Elle se jeta sur Julia et se posa sur sa main tendue. Là, je vis que le faucon avait un papier enroulé sur sa patte. Julia le prit et commença à écrire dessus. Une fois le message ré enroulé sur la patte de l’oiseau, celui-ci repartit vers je ne sais quelle destination.
Sans un mot, Julia griffonna une adresse sur un autre papier et me le tendit.
-Rends-toi là-bas, il s’agit du Conclave du Néant…C’est l’ensemble des sorcières noires. Je leur ai parlé de toi, elles veulent te rencontrer et tester tes capacités. C’est selon l’avis de la Matriarche que tu seras formé…ou tué.
-Tué ?
-Personne ne doit connaître l’existence du Conclave sans être sorcier ou sorcière.
-D’après ce que tu as dit, il n’y aurait que des sorcières. Pas de sorcier ?
-Les hommes ont généralement du mal avec la magie noire, seul plusieurs exceptions ont réussi à la maîtriser, ils préfèrent généralement la magie élémentale.
-Encore une fois, j’ai rien compris…
-Je leur ai dit que tu arriverais vers midi, ça te laisse du temps pour te balader.
-Tu sais bien que je ne supporte pas d’être manipulé.
Elle sourit :
-Je sais !
Je lui répondis par un grommellement inaudible. Elle reprit, d’un ton neutre :
-Les sorcières vont se montrer cruelles et distante envers toi, fait bien attention. La Matriarche se montrera Conciliante avec toi car…
-Laisse moi deviner, l’interrompis-je, tu es la fille de la Matriarche ?
-Sa fille adoptive, répondit-elle, presque sur un ton de défi
-Ah…
Julia partie, je retournais à notre ancienne demeure pour y récupérer mes affaires et celle de julia. Cela me prit environ trois heures, il était donc neuf heures. Je pris mon matériel d’assassinat comprenant : -deux dagues, une multitude de piques et d’étoiles à lancer, dissimulés sur de nombreux endroit de ma personne, tel que les avant-bras et maintenus par des sangles en cuir. Je n’avais pas assez de place pour embarquer mon sniper et je ne prenais pas non plus mes pistolets. Erreur ? tant pis…
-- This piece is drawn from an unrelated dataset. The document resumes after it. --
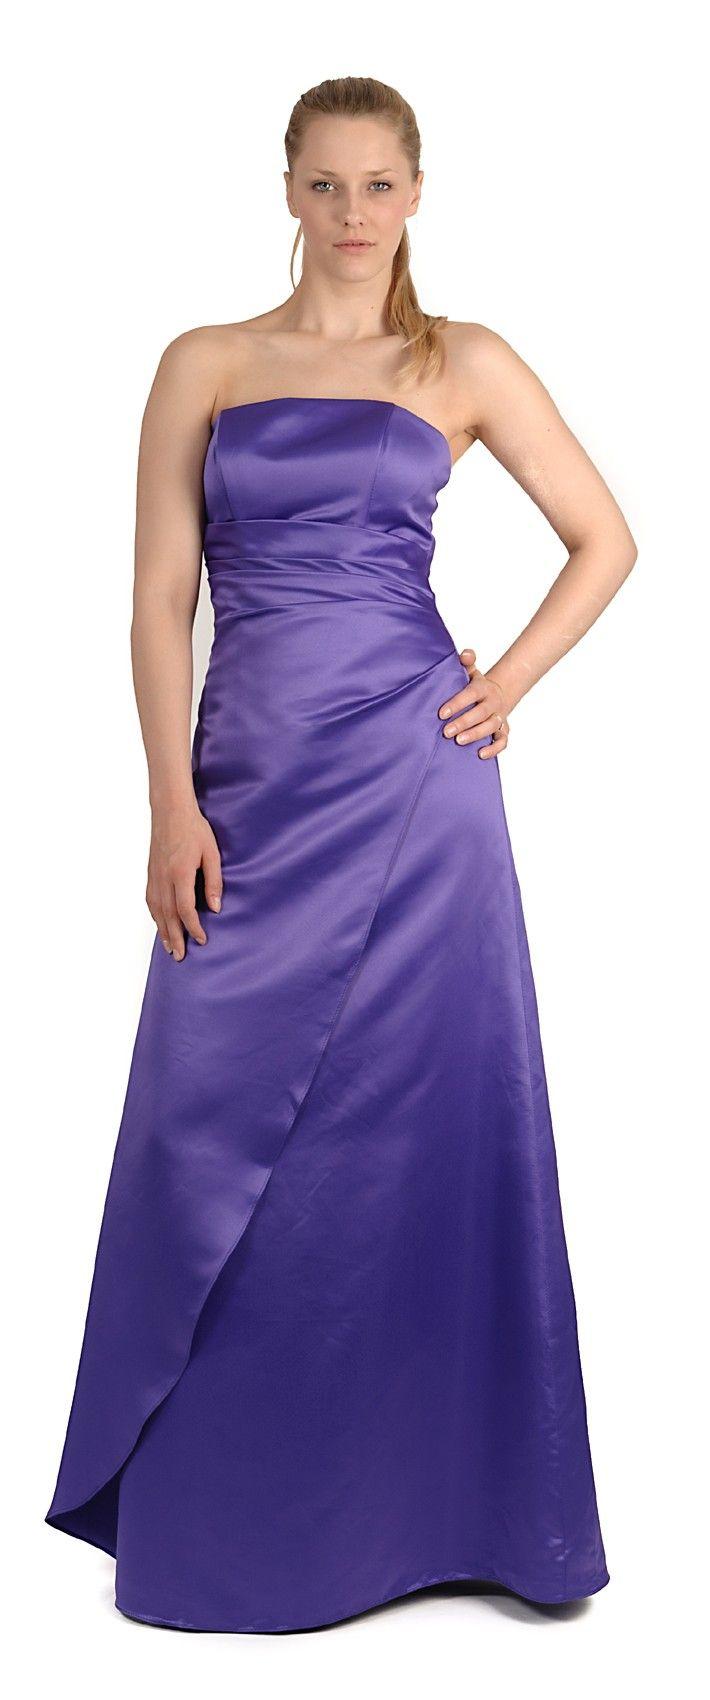 Cadbury purple childrens bridesmaid dresses uk images braidsmaid purple flower girl dresses sleevless for kids google search explore purple flower girl dresses and more ombrellifo Images

Pourquoi je tue et je me bats avec des armes blanches et des étoiles ? Parce que c’est comme ça que l’on m’a apprit à me battre…
Je m’habillais comme tout les jours : des vêtements noirs et mes chaussures à semelle de caoutchouc. J’ai traîné devant certaines boutiques, puis devant un de mes fournisseurs d’armes, et, vers midi, je me suis mis à la recherche du Conclave du Néant…C’est en regardant l’adresse qu’avait griffonné Julia je me suis rendu compte Que c’était à l’autre bout de la ville, dans les quartiers peu recommandables.
-Heu…******** !
Appeler un taxi aurais prit trop de temps, je me suis donc mis à courir. Je suis tout de même arrivé avec plus de quarante minutes de retard, devant un bâtiment apparemment inhabité. Sans vraiment savoir ce qui allait se passer, je mit ma capuche et sortit une étoile. J’entrais, faisais trois pas et me retrouvait encerclé par des femmes, toute une boule de feu a la main.
-gasp !
-Que fais-tu ici ?
-C’est Julia qui m’envoie.
-Ton nom ?
-Ombre Denoctis…
-Enlève ton masque !
J’enlevais ma capuche.
-C’est bien lui. Suis-nous !
Elles m’emmenèrent Sous le sol devant une arche de pierre.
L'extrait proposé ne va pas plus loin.